Дурень! Не сейчас, конечно. Но, как-никак, Гриша уже первоклассник. А там — еще год… И еще год… Из шестого класса он уйдет в деревню — учителем. Решено!
25
За зиму Гриша не один раз бывал на вокзале; видел паровозы, встречал и провожал поезда — местные и дальние, товарные и пассажирские.
Ну как же, теперь это был уже опытный горожанин: такой не растеряется ни перед начальником станции, ни перед кассиром железной дороги, даже билет купит куда надо, не ошибется.
На это и рассчитывал Иван Шумов, когда писал сыну, что съездить за ним в город некому, да и обошлось бы это дорого, а пусть Гриша возьмет у Белковой денег на дорогу — ей послано, сколько надо.
И вот Григорий Шумов сидит в первый раз в жизни в вагоне железной дороги.
Вагон был бы просторный, если б не поперечные перегородки, разделявшие его. К перегородкам были прилажены широкие гладкие лавки. Стены вагона и лавки были желтые, а потолок — серый. Пахло краской, железом, гарью.

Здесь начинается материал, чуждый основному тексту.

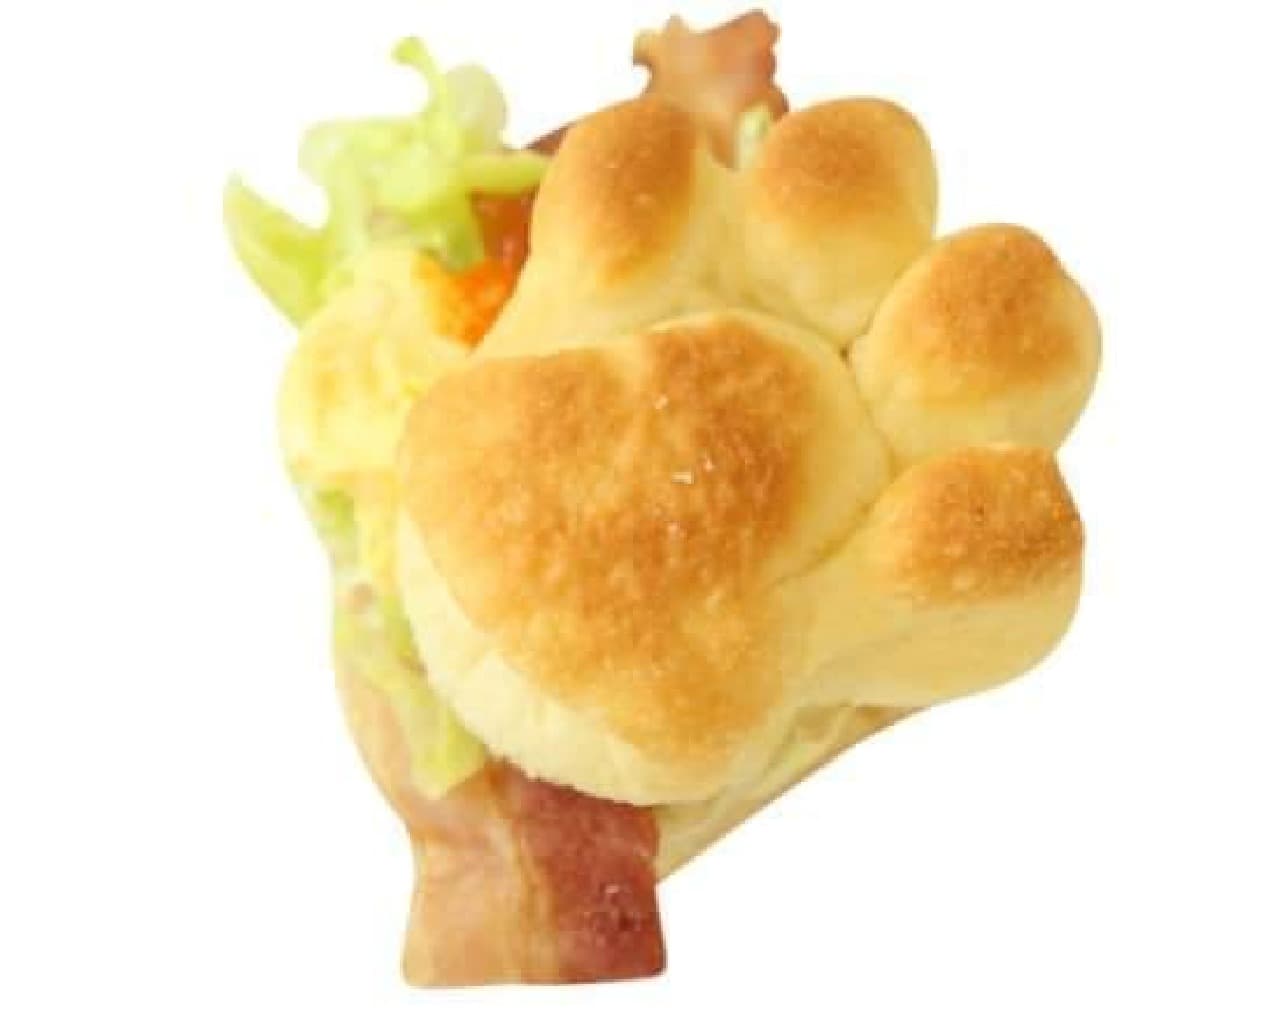 "Paw Paw Slider" is an original slider (Minburger) containing cute paw-shaped bacon, lettuce, and eggs.

Пока поезд стоял, Гриша, поминутно ощупывая в кармане железнодорожный билет, обошел все загородки. Народу было немного.
Дремал притулившийся к стенке рослый латыш, крепко держа обеими руками укутанную рогожей пилу.
Две женщины лупили крутые яйца, жевали не торопясь и разговаривали таинственно, шепотком.

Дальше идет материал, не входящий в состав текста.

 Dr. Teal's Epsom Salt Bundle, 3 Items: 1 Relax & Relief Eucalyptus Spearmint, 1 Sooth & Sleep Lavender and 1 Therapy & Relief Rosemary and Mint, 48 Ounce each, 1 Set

У окна сидел человек в картузе, в пиджаке из тонкого сукна и в забрызганных грязью высоких сапогах.
Гриша сел с другой стороны окна; человек в картузе поглядел на него скучными глазами и, зевнув, отвернулся.

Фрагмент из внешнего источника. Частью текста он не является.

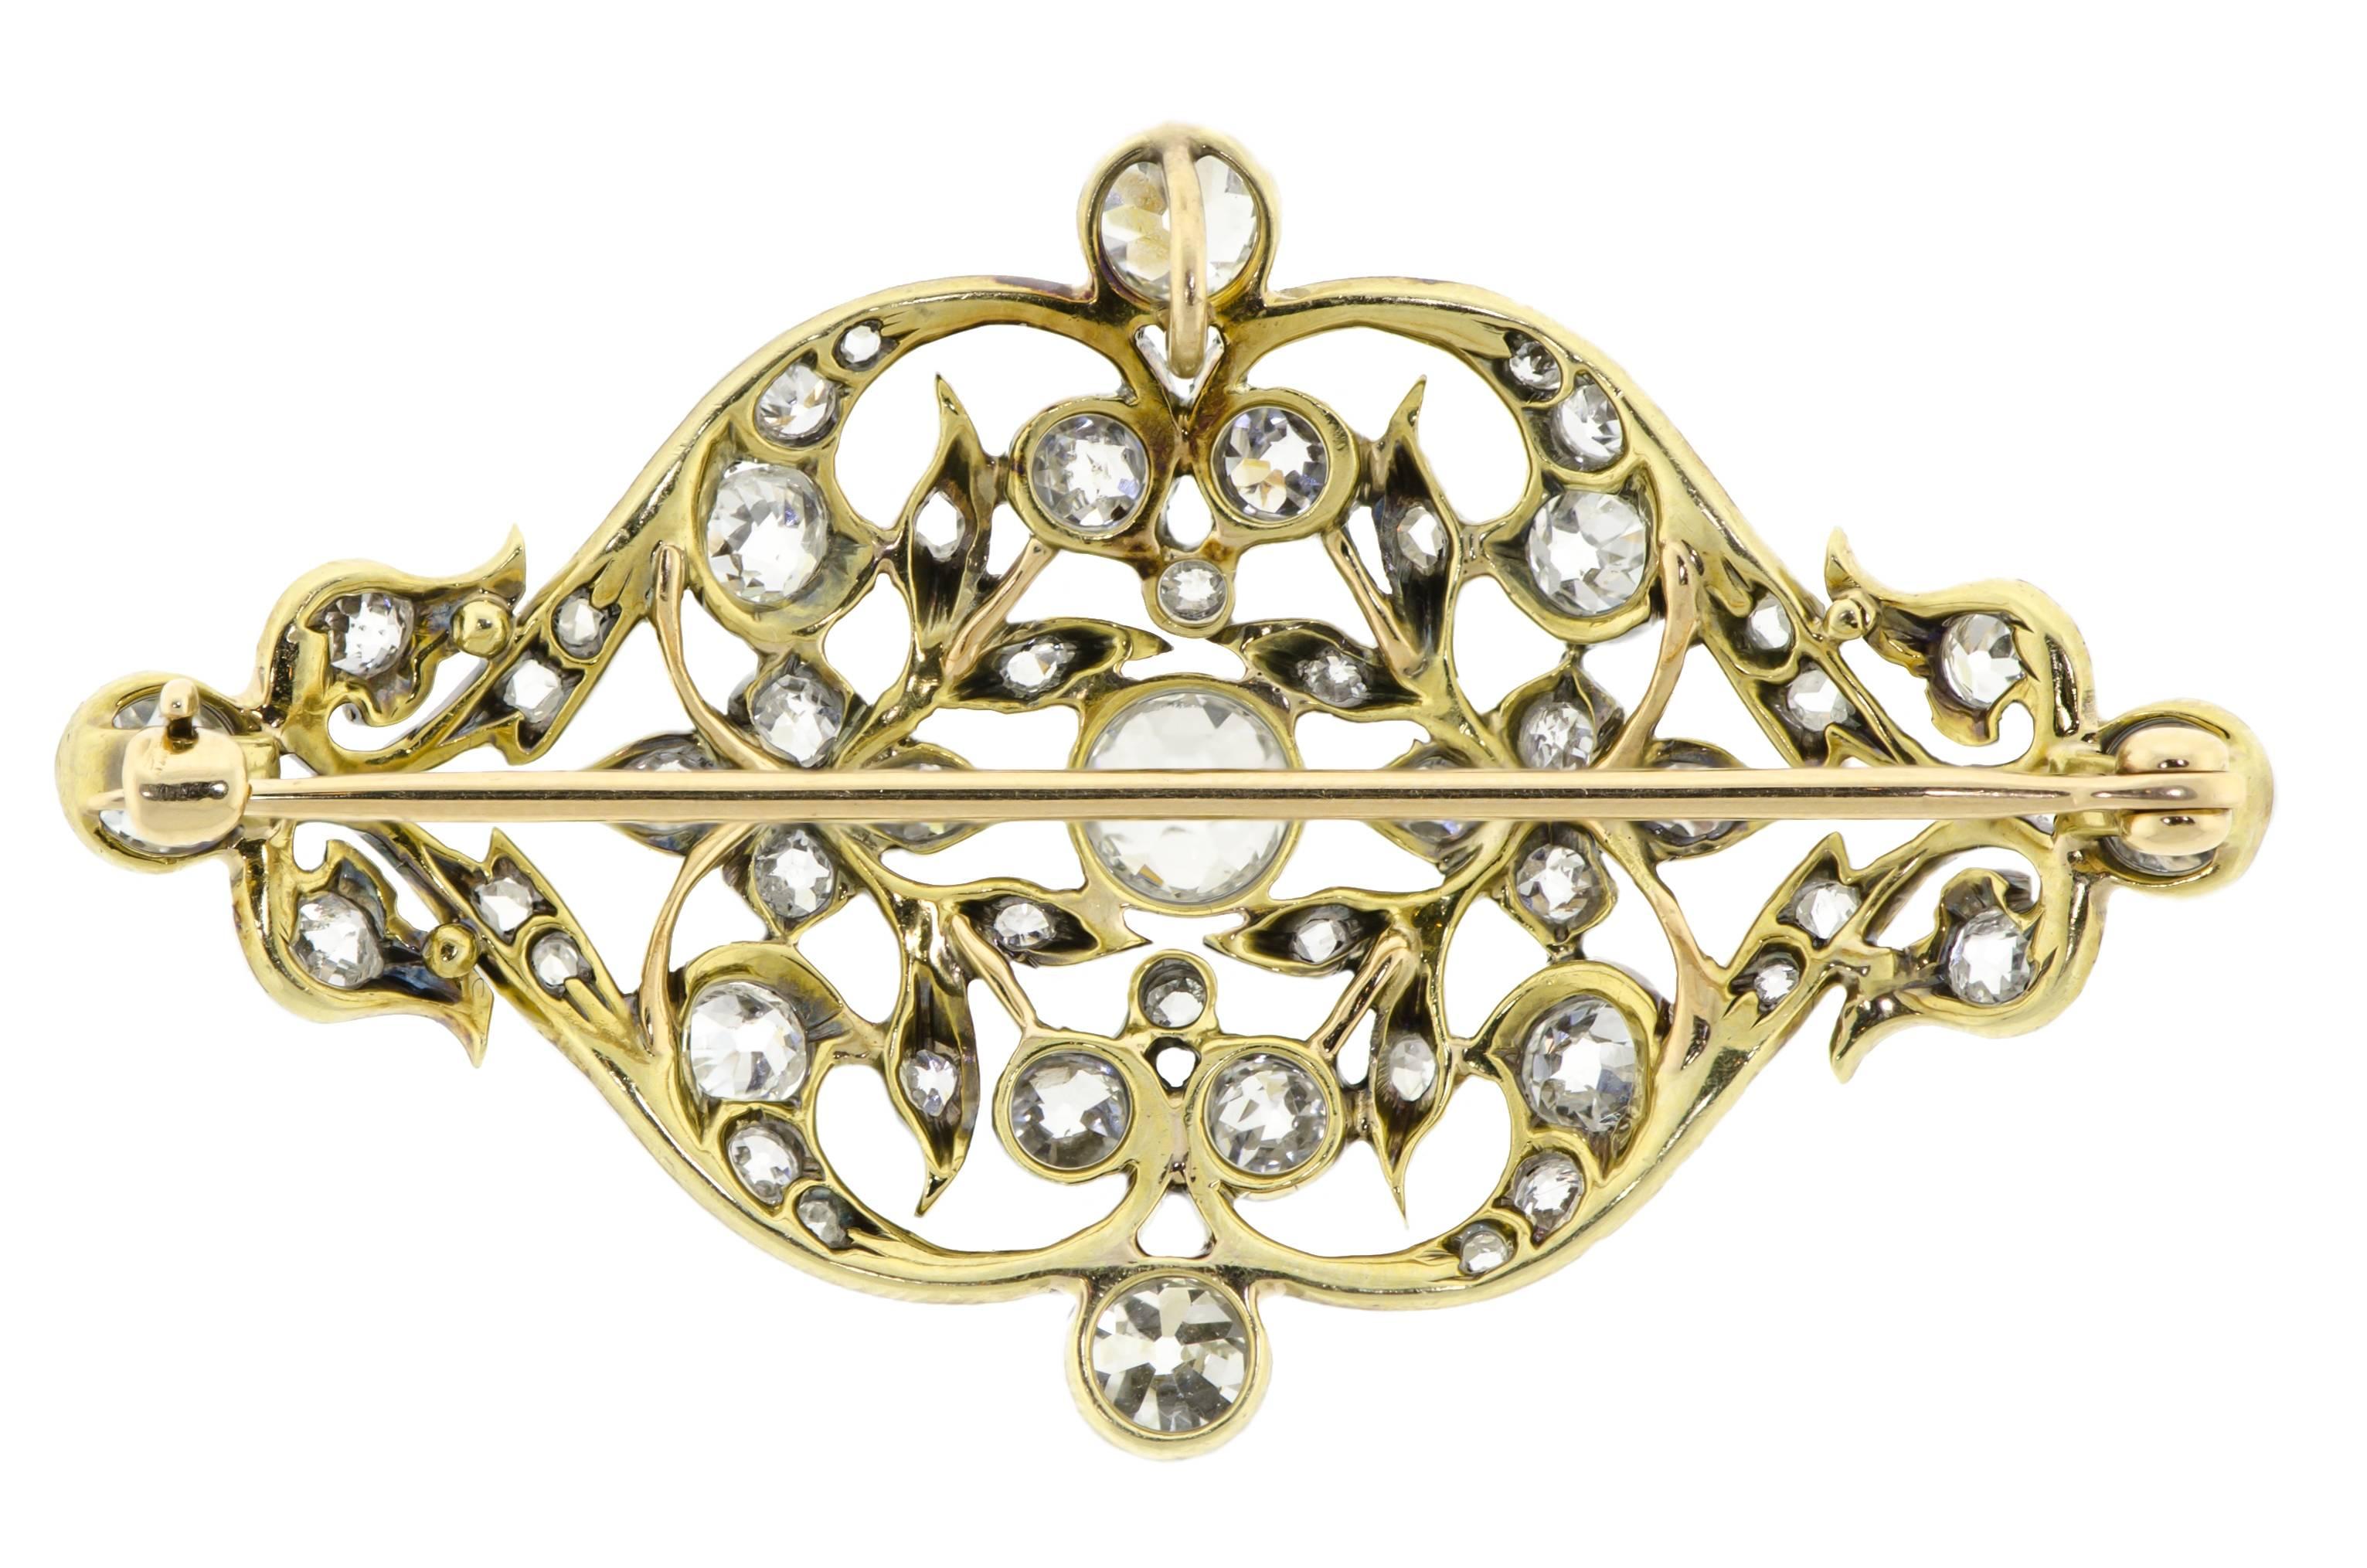 A stunning Edwardian brooch that dates back to the second half of the nineteenth century. Fluidly hand-fabricated in platinum and sparkle with approximately 3 cts of Old European Cut diamond ribbons which create an elegant, stunning and dazzling

В окно были видны только серые вокзальные сараи — пакгаузы, все одинаковые, одноэтажные, крытые железом.
Пока что веселого было мало.
Но вот возникла кругом какая-то суета, люди с гомоном стали наполнять вагон; с тоскливой угрозой крикнул впереди паровоз, и Гришу так тряхнуло, что он с испугом уцепился за лавку.
Колеса грузно застучали, сперва как будто вразнобой, потом все больше в лад: раз-два-три, раз-два-три… За окном поплыли, то ныряя вниз, то плавно поднимаясь кверху, струны телеграфных проводов. Крохотные коровы паслись на изумрудных полянах. Стреноженная лошадь стояла у канавы, совсем игрушечная.
— Почему это конь такой маленький? — спросил Гриша скучного человека в картузе.
Тот глянул в окно и нехотя ответил:
— Обыкновенный конь.
Прошел по вагону кондуктор — осанистый, усатый, с витыми жгутами на плечах вместо погон, с какой-то палочкой в лаковых ножнах у пояса.
Он пробил у всех пассажиров билеты коротенькими и светлыми, как серебро, щипцами.
Гриша хорошо знал, что ему надо слезать на четвертой станции, но на всякий случай решил спросить кондуктора, чтоб спокойней было. И он действительно успокоился, когда кондуктор снисходительным густым басом подтвердил:
— Четвертая станция.
Теперь можно было беззаботно глядеть в окно.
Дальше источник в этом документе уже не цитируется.